Further, adds Steve Conway, research VP for technical computing at market-research firm IDC, hardware is advancing and growing in scope faster than people can exploit it, and all the pressure is now on the software side. The largest clusters today have 250,000 processors and they’re headed to a million, while some people are talking about eventually reaching a billion cores – and the task of keeping all of them running at peak efficiency is growing just as rapidly, if not more so.
Another factor is that, because of all the new technological options available, there’s pressure on companies to add additional heterogeneous resources by including nodes with GPUs, Cell processors, high-speed networking or whatever else is the latest technology. At the same time, there’s pressure to consolidate computing resources, and running multiple specialised heterogeneous systems isn’t cost-effective. All applications, however, don’t run best on one size or type of system. Flexibility is becoming the operative word.

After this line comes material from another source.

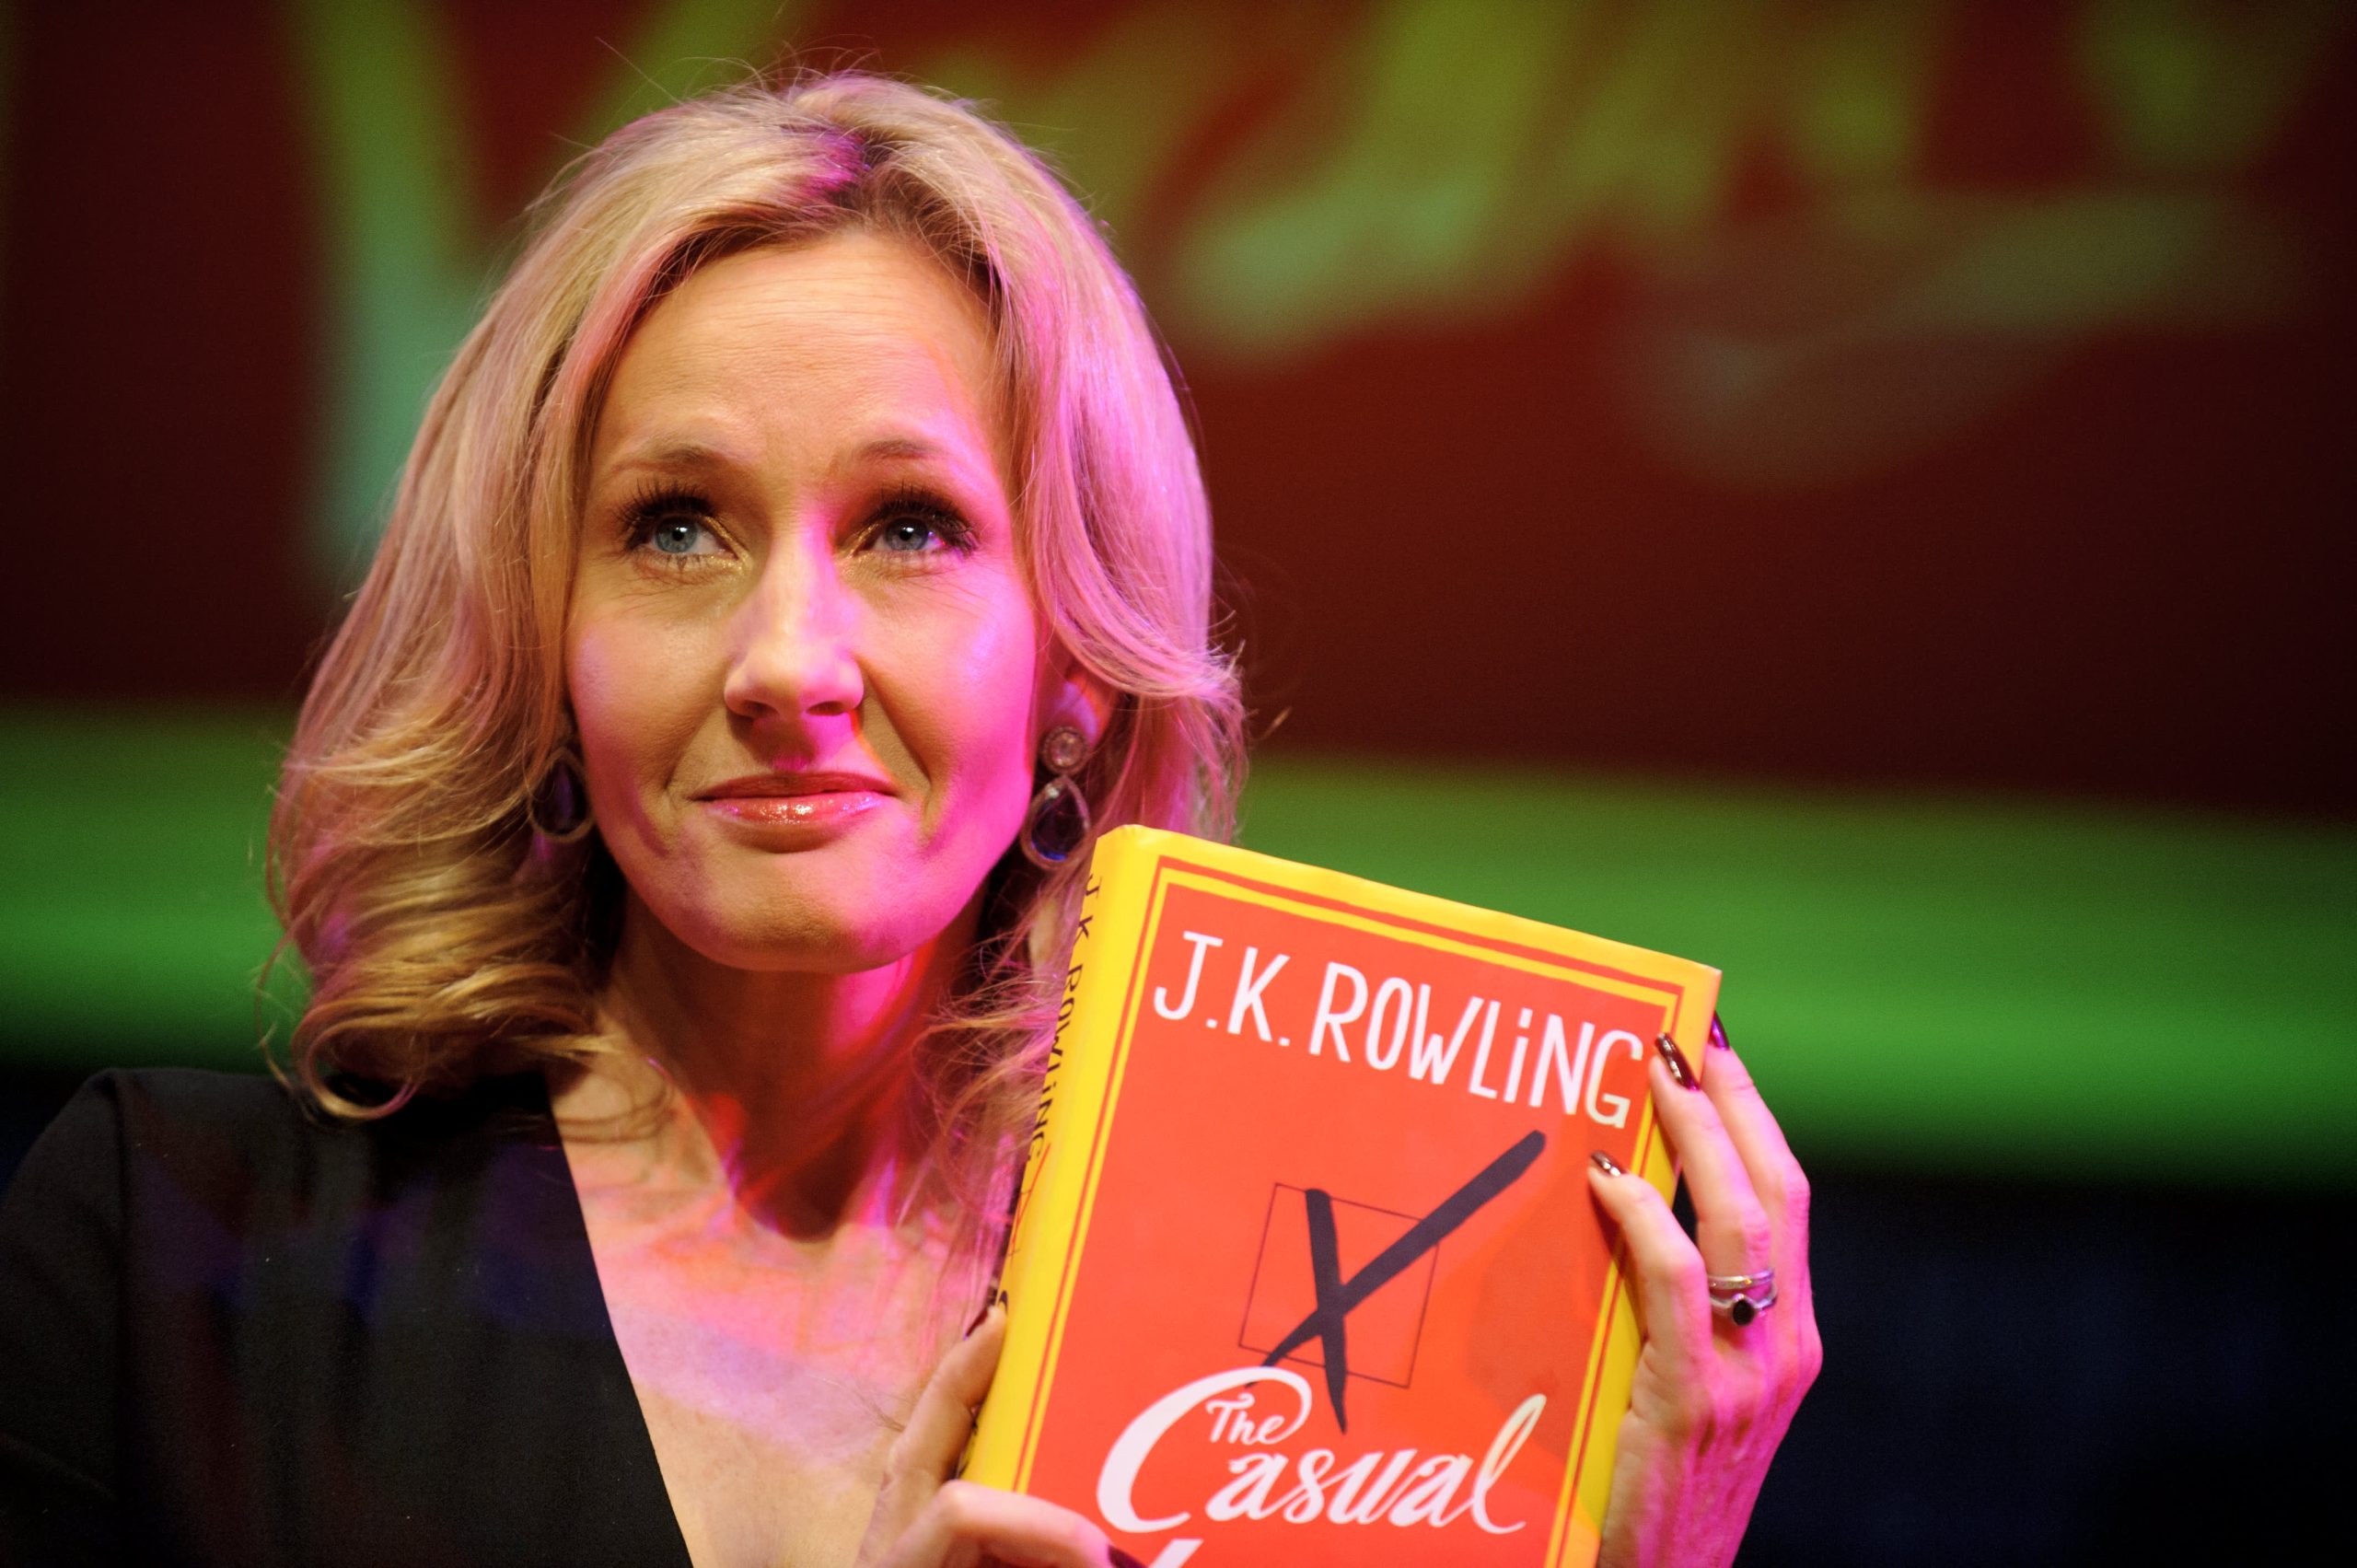 Harry Potter creator, J. K Rowling stands her ground

Impact on cluster management
All this has certainly had an effect on cluster management in a big way. Gary Tyreman, senior VP of products and alliances at Univa UD, notes that a year ago cluster managers were focusing on how to deal with bare metal, but since then the industry has been on an amazing journey into virtualisation and cloud computing. He points out the need for software to be able to do checkpointing (saving a snapshot of a virtual machine in the event a machine fails during a long job), swapping machines or growing/shrinking the number of CPUs in a virtual machine to reduce swapping, and mobility. It’s also desirable to have the ability to migrate a job among machines so that you can, for instance, take a machine out for repair without disrupting jobs. And a typical scientist or engineer should experience only negligible performance degradation when switching from a bare metal machine to a virtual machine. The key is provisioning bare metal to virtual machines with a policy engine that takes into account the infrastructure and business rules. Now everyone seems to be building a cluster, for instance, Univision has rewritten its UniCloud to support all of these: bare metal, virtual machines, as well as cloud suppliers including Amazon and Rackspace, to handle ‘bursting’.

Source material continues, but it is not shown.